▶ **WHAT NEEDS TO BE DONE**:
Among the entries below, only the lines from the one with "Men's Relaxed Fit" through the one with "Jaw-Length Shaggy Pink" are wanted, reproduced exactly. Pictures are not wanted.

▶ **RECORDS FOR THIS TASK**:
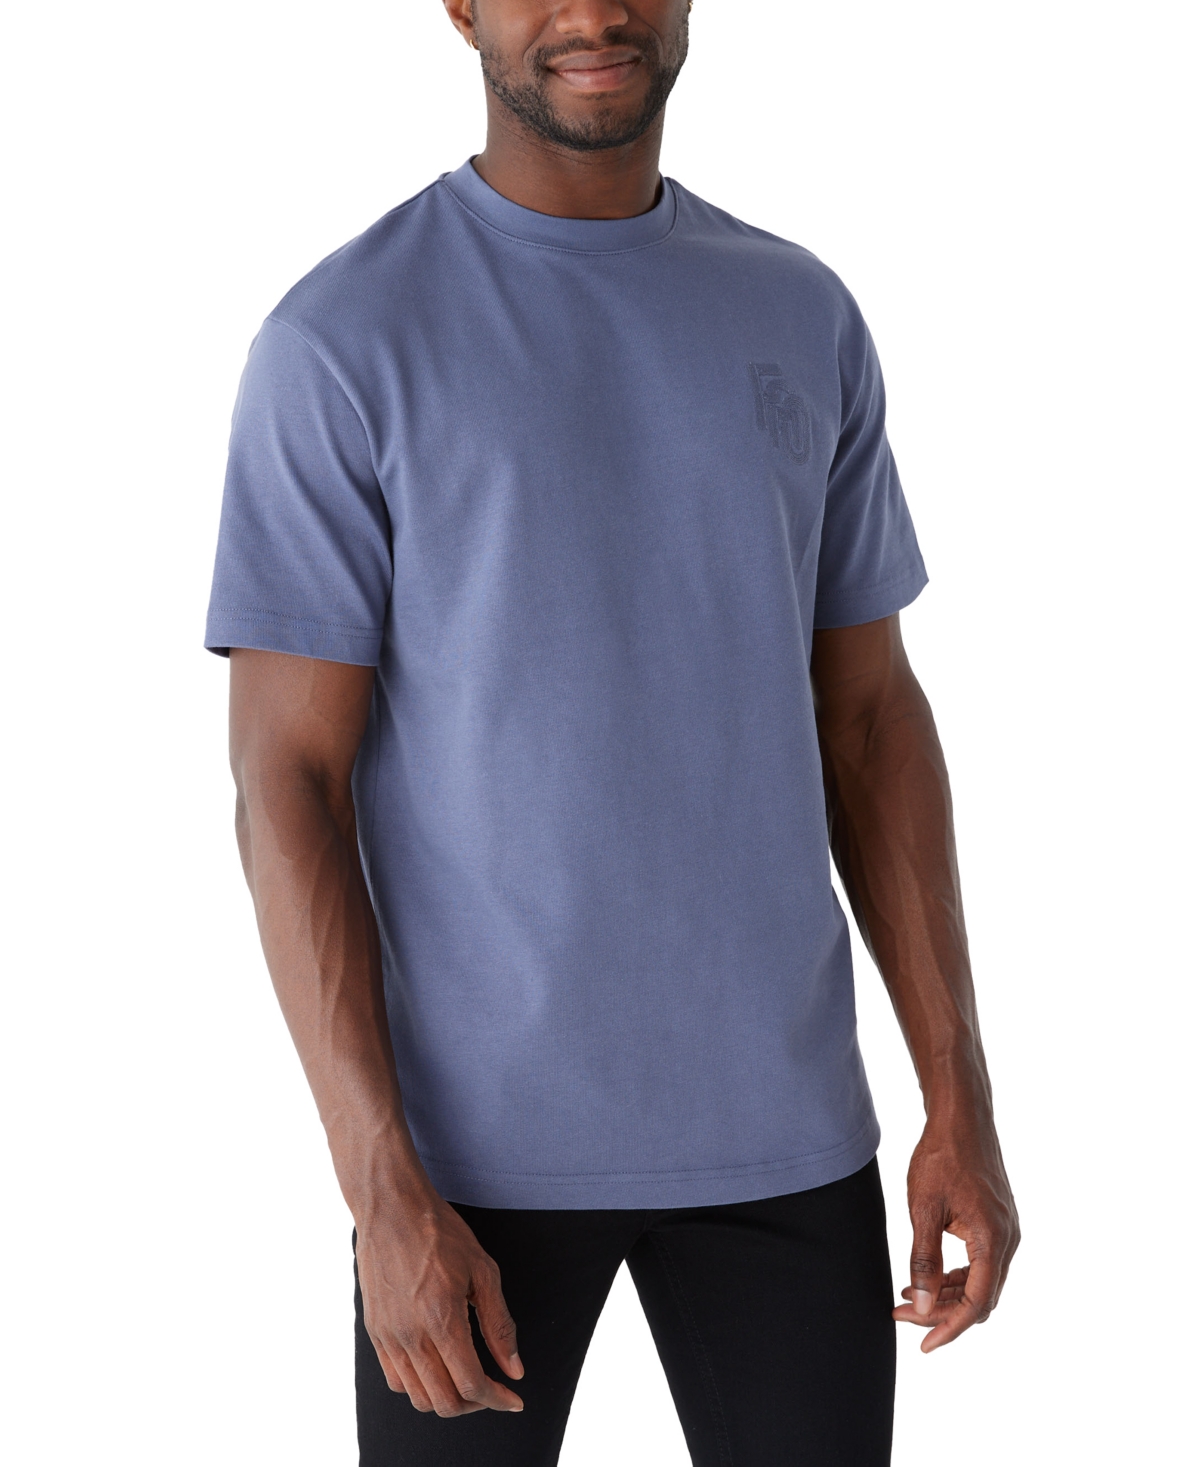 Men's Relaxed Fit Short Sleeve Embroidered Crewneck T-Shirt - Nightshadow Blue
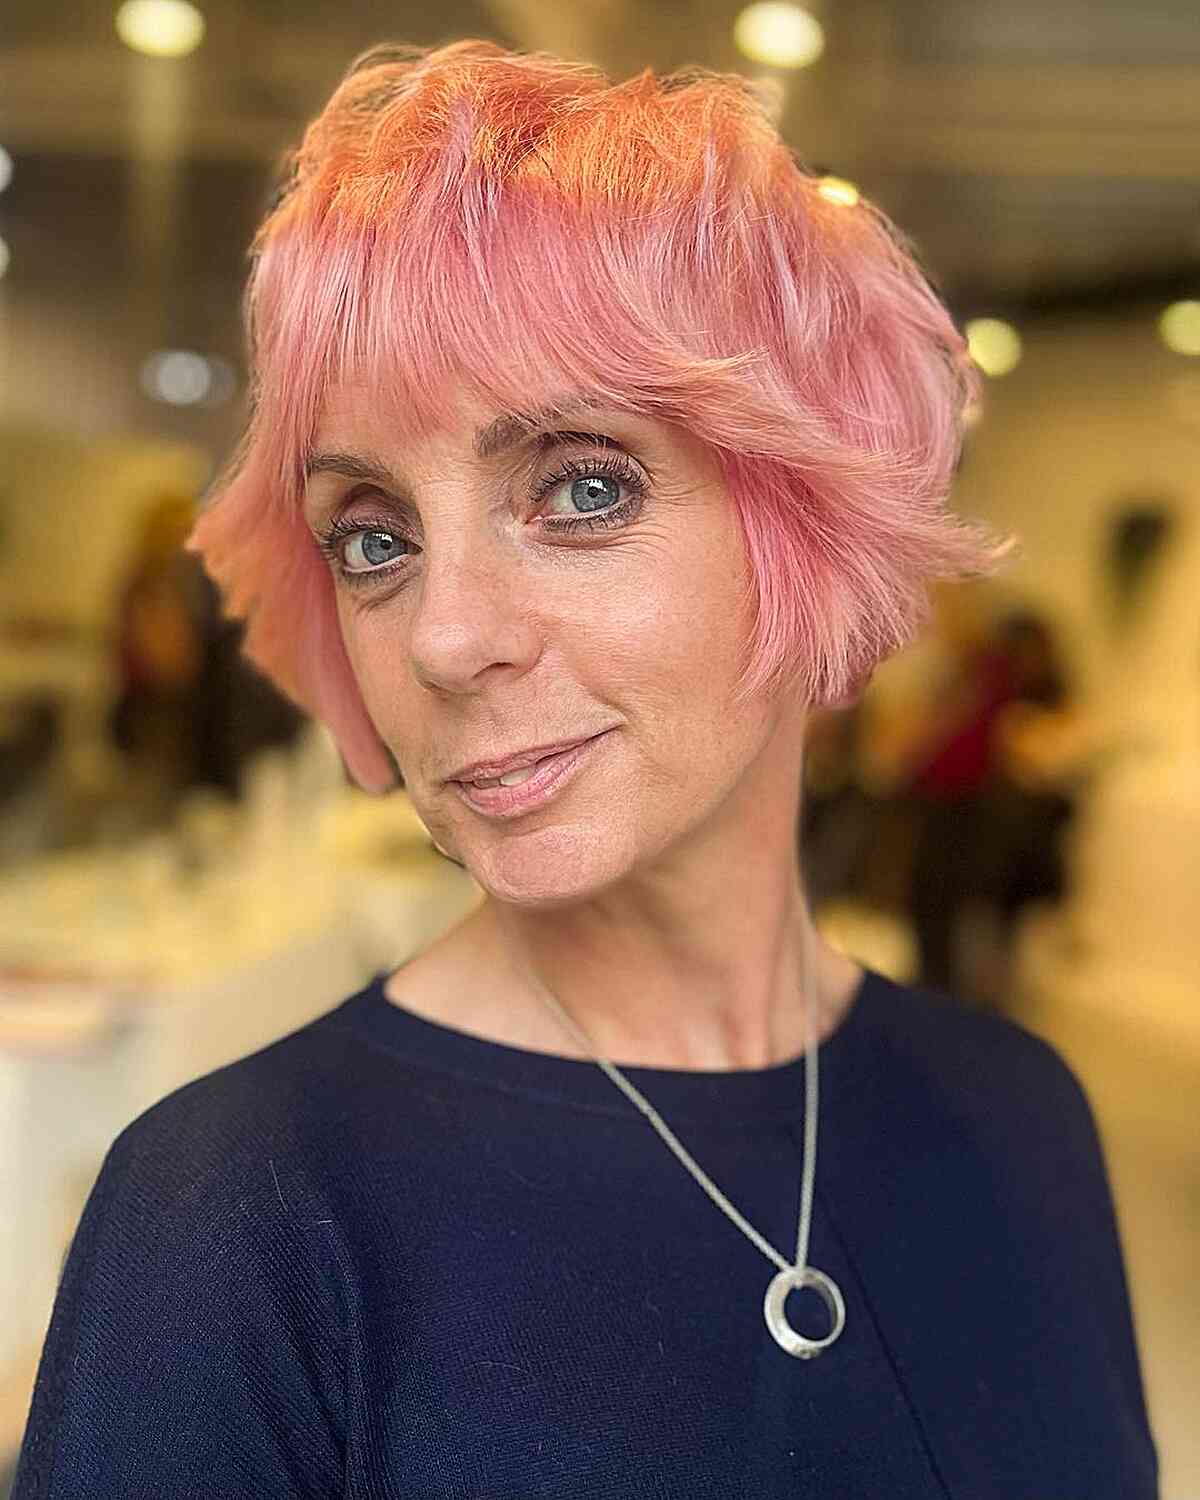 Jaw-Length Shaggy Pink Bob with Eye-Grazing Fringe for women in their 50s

==

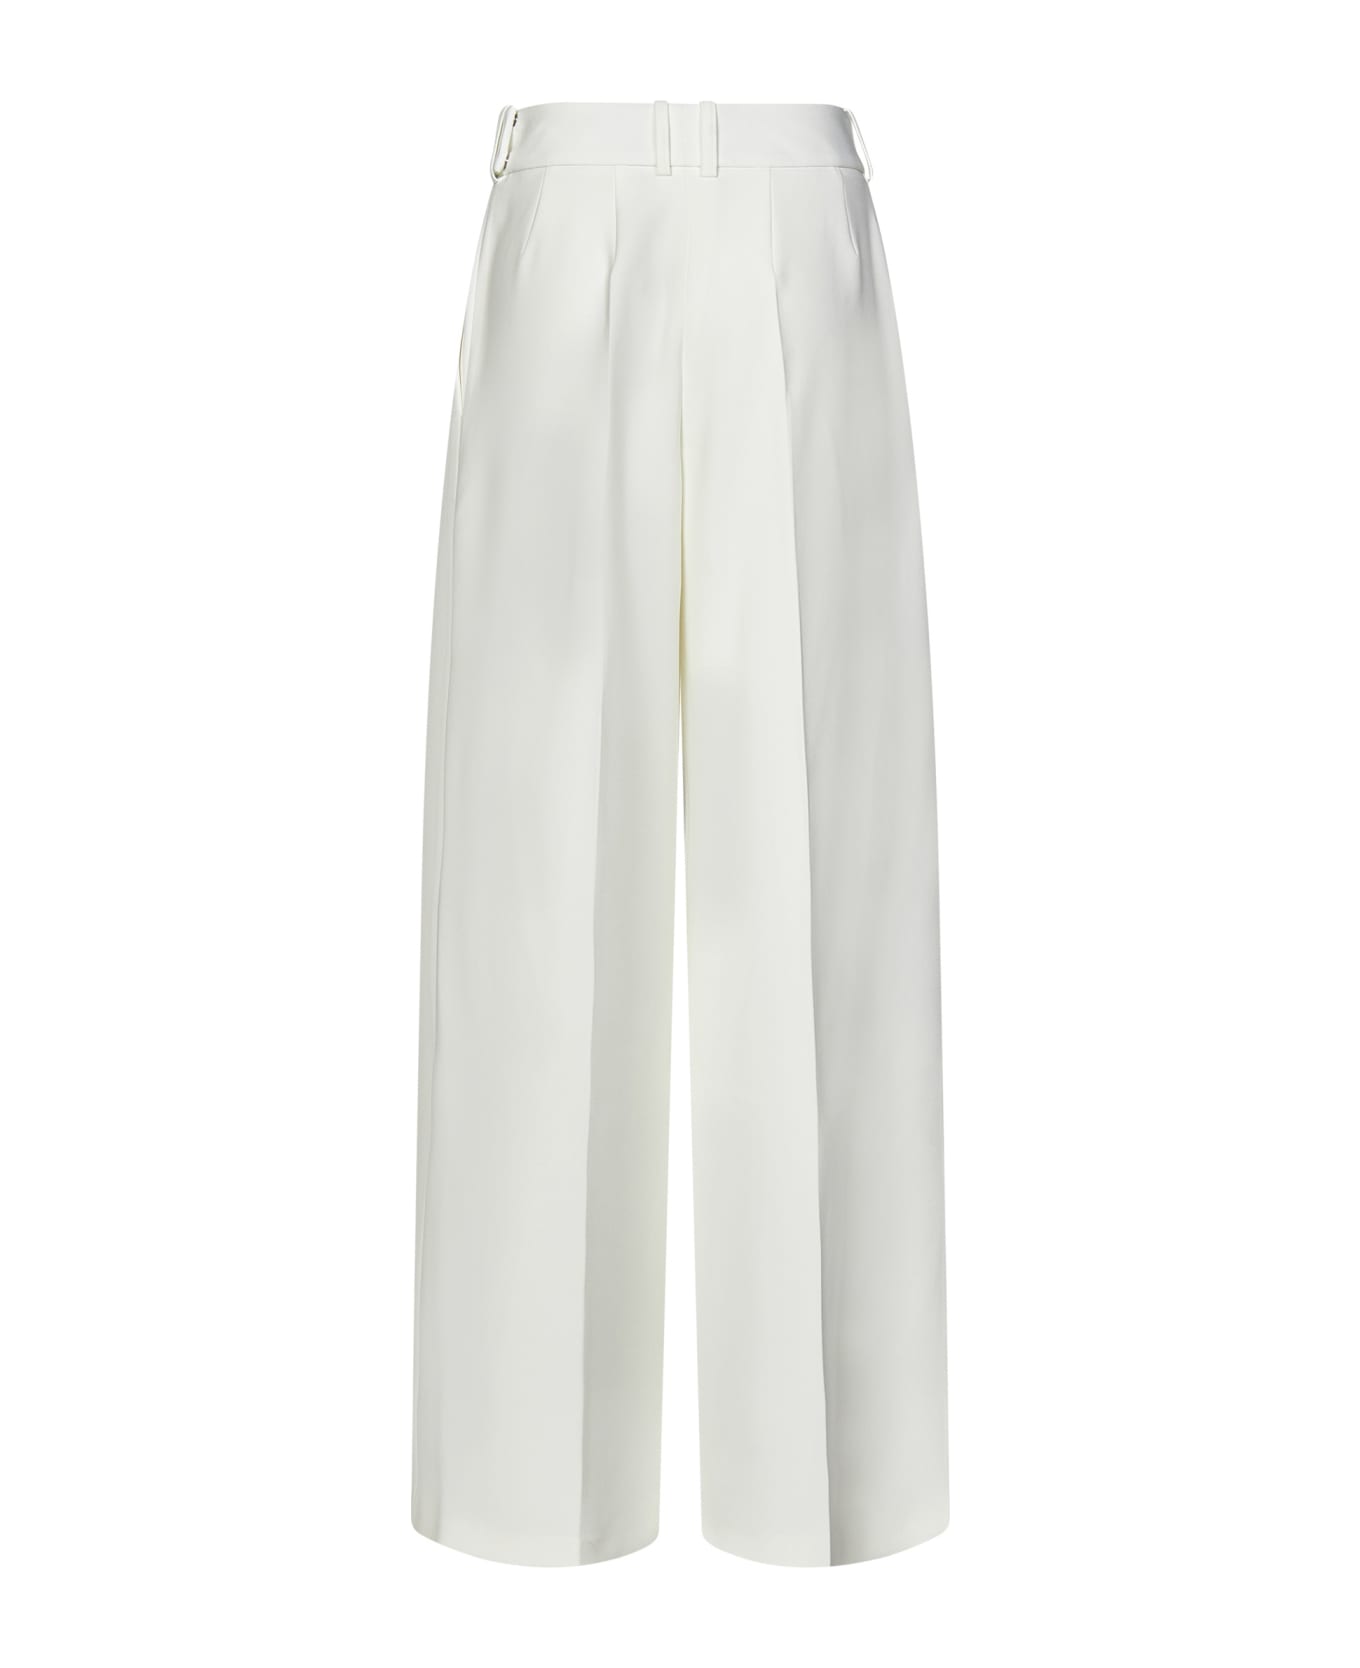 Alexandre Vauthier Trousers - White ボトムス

▶ **OUTPUT FOR THIS EXERCISE**:
 Men's Relaxed Fit Short Sleeve Embroidered Crewneck T-Shirt - Nightshadow Blue
 Jaw-Length Shaggy Pink Bob with Eye-Grazing Fringe for women in their 50s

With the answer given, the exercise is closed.